Книга H2O - Яна Дубинянская
Шрифт:
Интервал:
Закладка:
— А какое ваше любимое место в доме?
— Про зеленый диван я уже сказал, да? Еще люблю свой домашний кабинет, он маленький, уютный, только стол, камин и компьютерное кресло. Жалко, что работать там практически не удается, так, одно название, что кабинет. Но камин к моему приходу горит всегда. В детстве я любил жечь костры, поджаривать на огне какие-нибудь там сосиски, запекать картошку…
— Какое же теперь ваше любимое блюдо?
— Ну, сейчас по роду занятий обычно приходится питаться в ресторанах, бизнес-клубах, парламентском буфете, причем гораздо чаще, чем того требует организм. Заказываю что-нибудь легкое: зелень, сыры, морепродукты. А по-настоящему люблю жареную картошку, такую, как делала мама. Она резала не соломкой, а кружочками, они еще слипались по несколько, словно детская пирамидка, и вот так подцепить на вилку… м-м, вкуснятина. Вот рассказываю вам, а у самого слюнки текут.
— Расскажите, пожалуйста, как вы отдыхаете.
— Отдыхаю я редко. Очень редко. Поэтому, когда это все-таки происходит, стараюсь спланировать отдых так, чтобы в полной мере ощущать себя отдыхающим каждую минуту. Никаких телефонных переговоров — мобильный у меня, конечно, с собой, но звонки фильтрует Олечка, моя незаменимая помощница. Если в стране военный переворот или смена правительства, я, конечно, узнаю первым, однако от всяких политических мелочей отстранен надежно. Отдыхаем всей семьей, это наше непреложное правило. Снимаем на неделю, на дольше я не могу себе позволить отлучиться, коттедж где-нибудь на островах… Инна любит экзотику, ничего не поделаешь. А для меня, между нами, самый лучший отдых — на даче у тестя. Небольшой яблоневый садик, огород, пчелы… и дорогая теща, и ее фирменная окрошка. У меня с ней прекрасные отношения, с Марией Павловной, конечно. Инка — вылитая она в молодости.

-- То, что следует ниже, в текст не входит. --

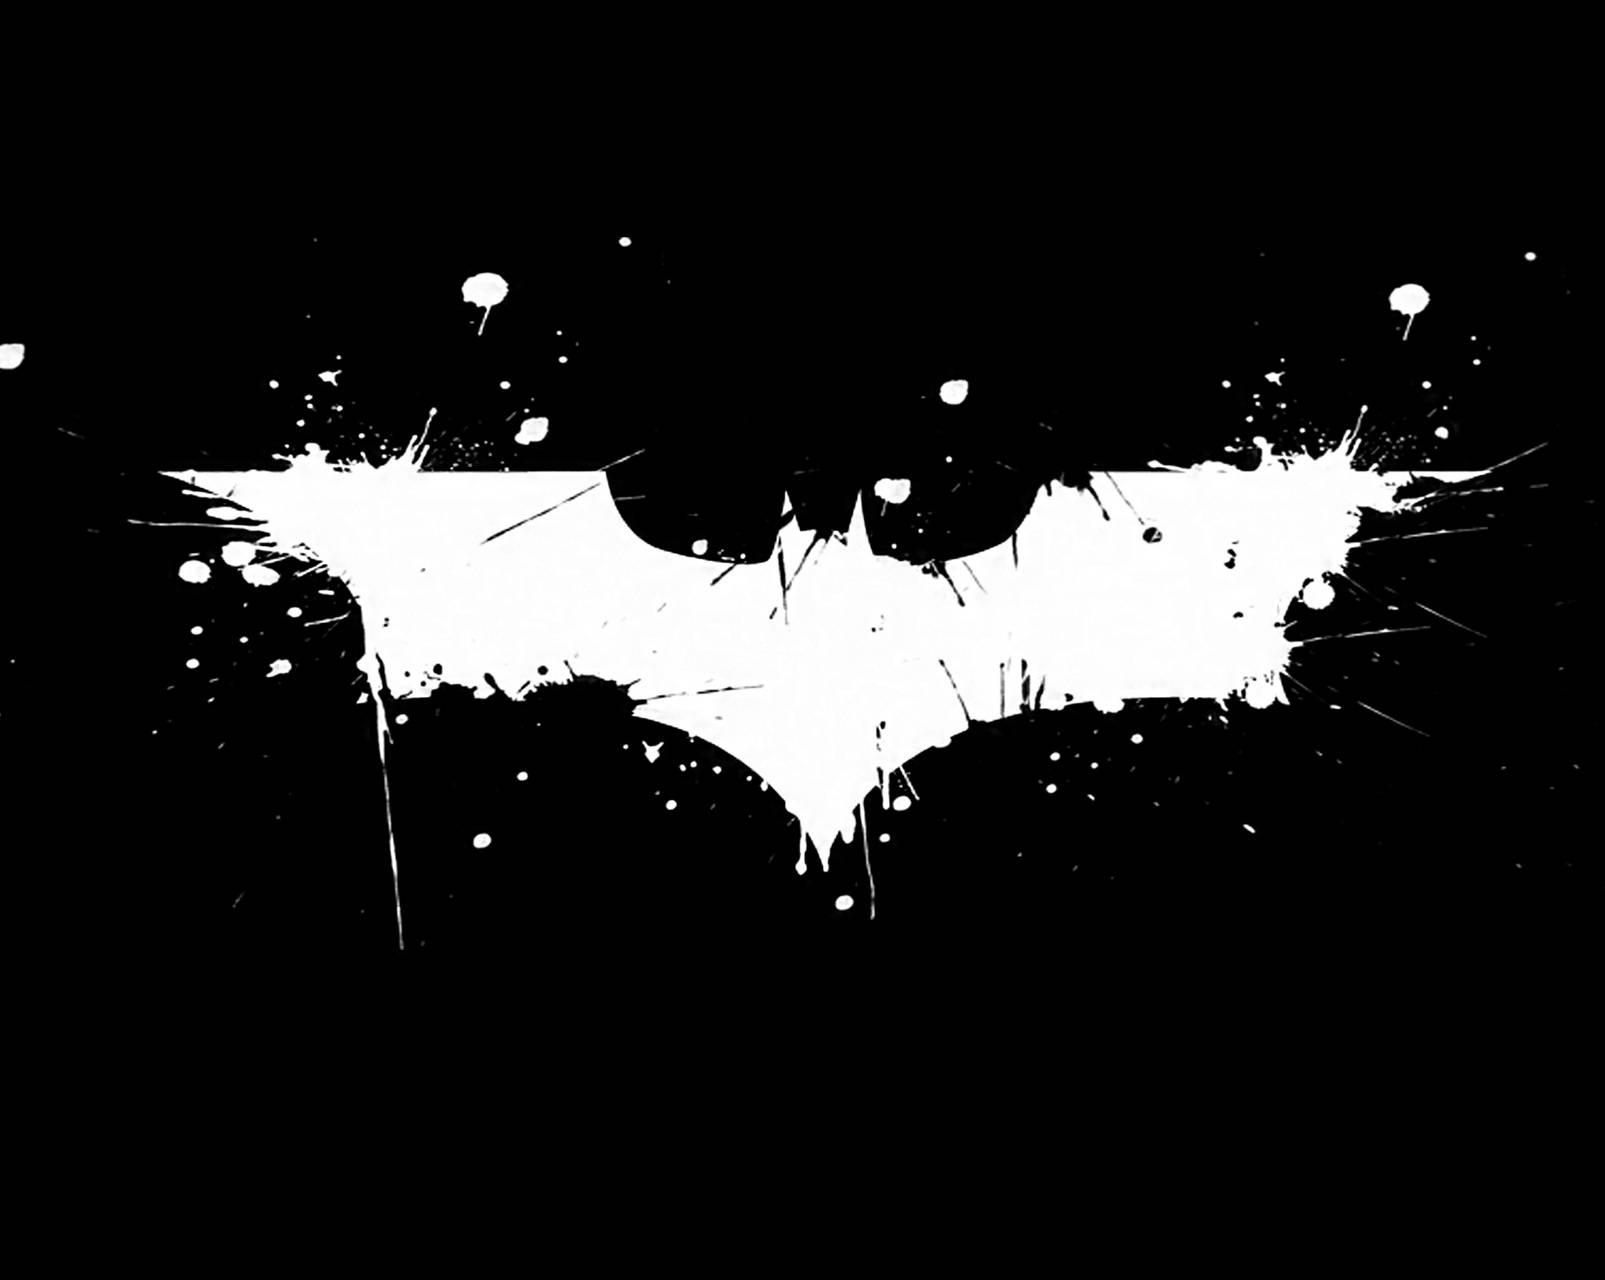 Batmans logo
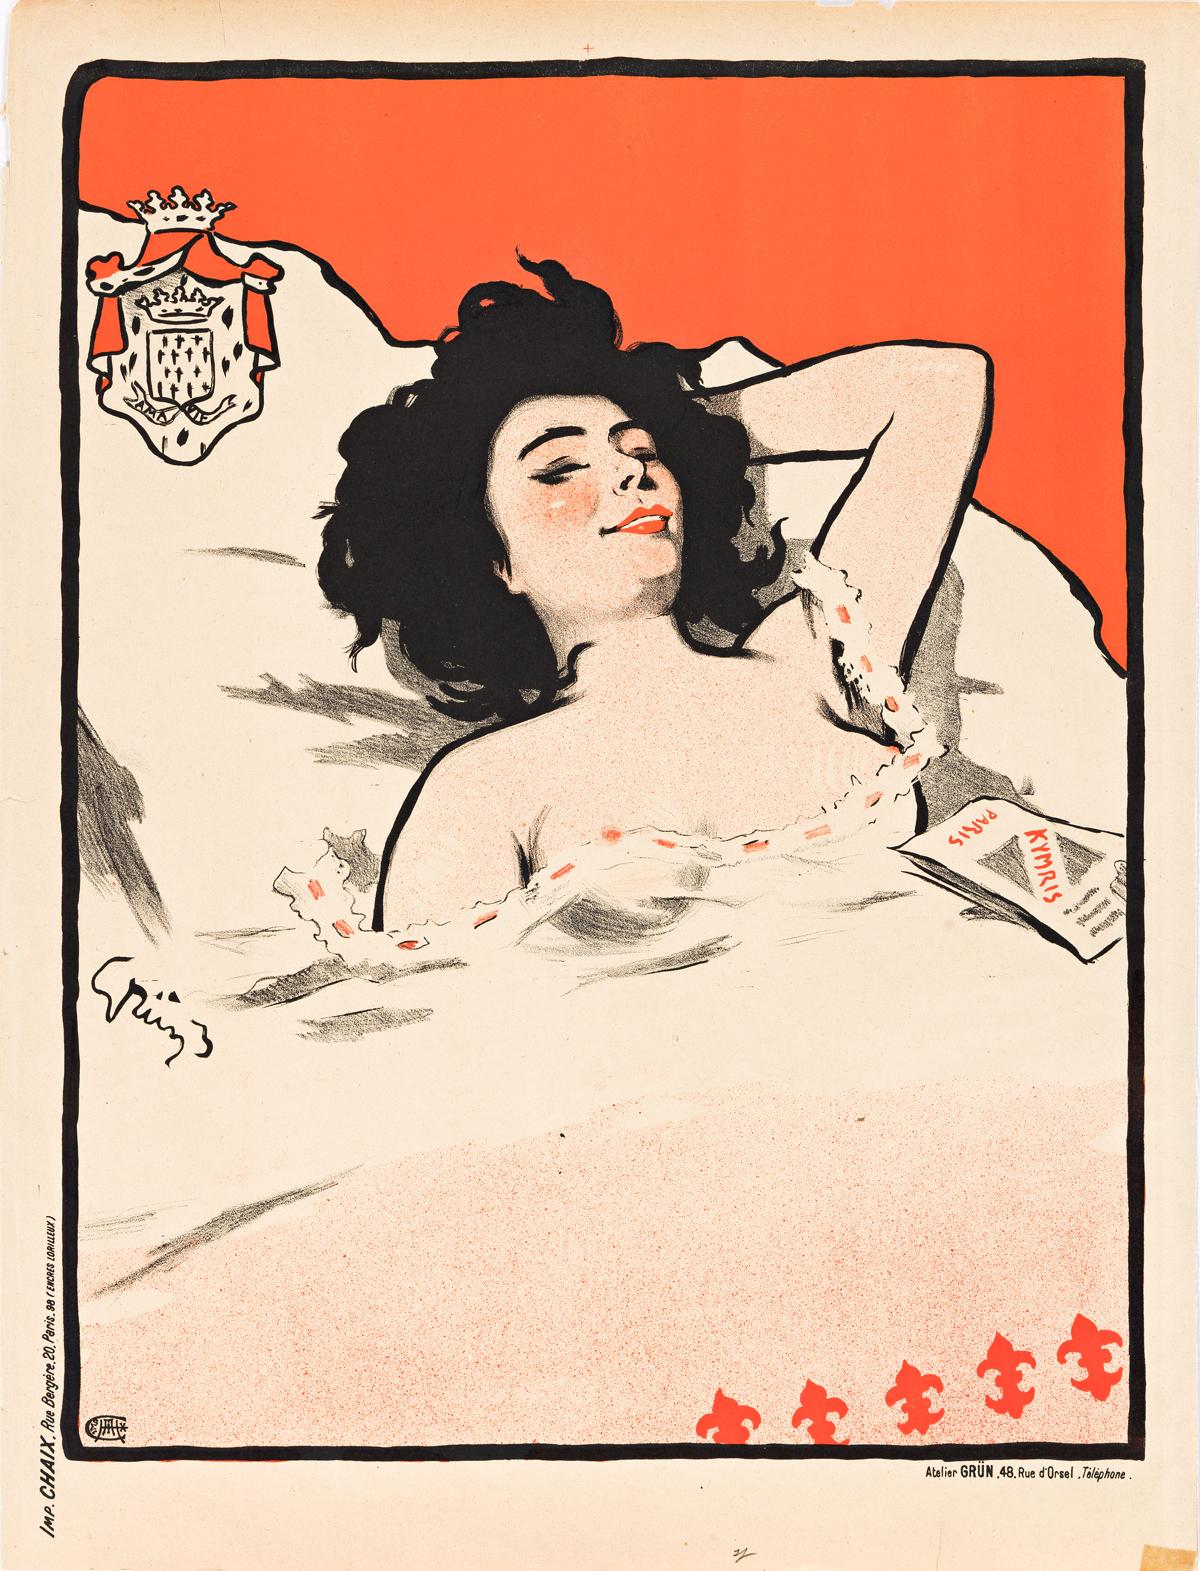 JULES-ALEXANDRE GRÜN (1868-1938) & JULES CHÉRET (1836-1932).  [ART NOUVEAU.] Group of 3 posters. Circa 1890s. Sizes vary, each approxim

— А куда поехать отдыхать, решаете вы или жена?
— Вы хитрая девушка. Хотите все-таки выяснить, кто у нас главный? Главная Долли, я вам уже говорил. А все решения в моей семье, как и в нашем движении, принимаются строго коллегиально, в результате всестороннего обсуждения, с учетом мнений всех сторон…
— Наше эфирное время подходит к концу, большое спасибо, Виктор Алексеевич, что вы нашли возможность прийти к нам в студию. Напоминаю: гостем программы был многолетний лидер общественно-политического движения «Наша свобода», депутат парламента Виктор Винниченко. После короткой рекламы — дневной выпуск новостей. Оставайтесь на третьем! Фу-у. Вроде нормально.
Виктор отстегнул микрофон-петличку раньше, чем подошла ассистентка, и та, заметив его движение, подходить не стала вовсе. Телеведущая, тридцати-с-чем-то-летняя стервочка в боевом макияже, тоже отстегнулась сама и, мельком кивнув, испарилась из студии. Пожилая редакторша, в чьи обязанности входило аккуратно спустить гостя с лестницы, с индифферентной мордой лица ожидала в дверях.
Телевидение — на редкость честная структура. Тут даже и не пытаются скрыть, насколько ты им безразличен — после эфира. Все процессы доведены до крайнего автоматизма, всё взаимозаменяемо, никто и ничто не представляет индивидуальной ценности. Хорошая система. При желании ты, наверное, мог бы стать неплохим телемагнатом.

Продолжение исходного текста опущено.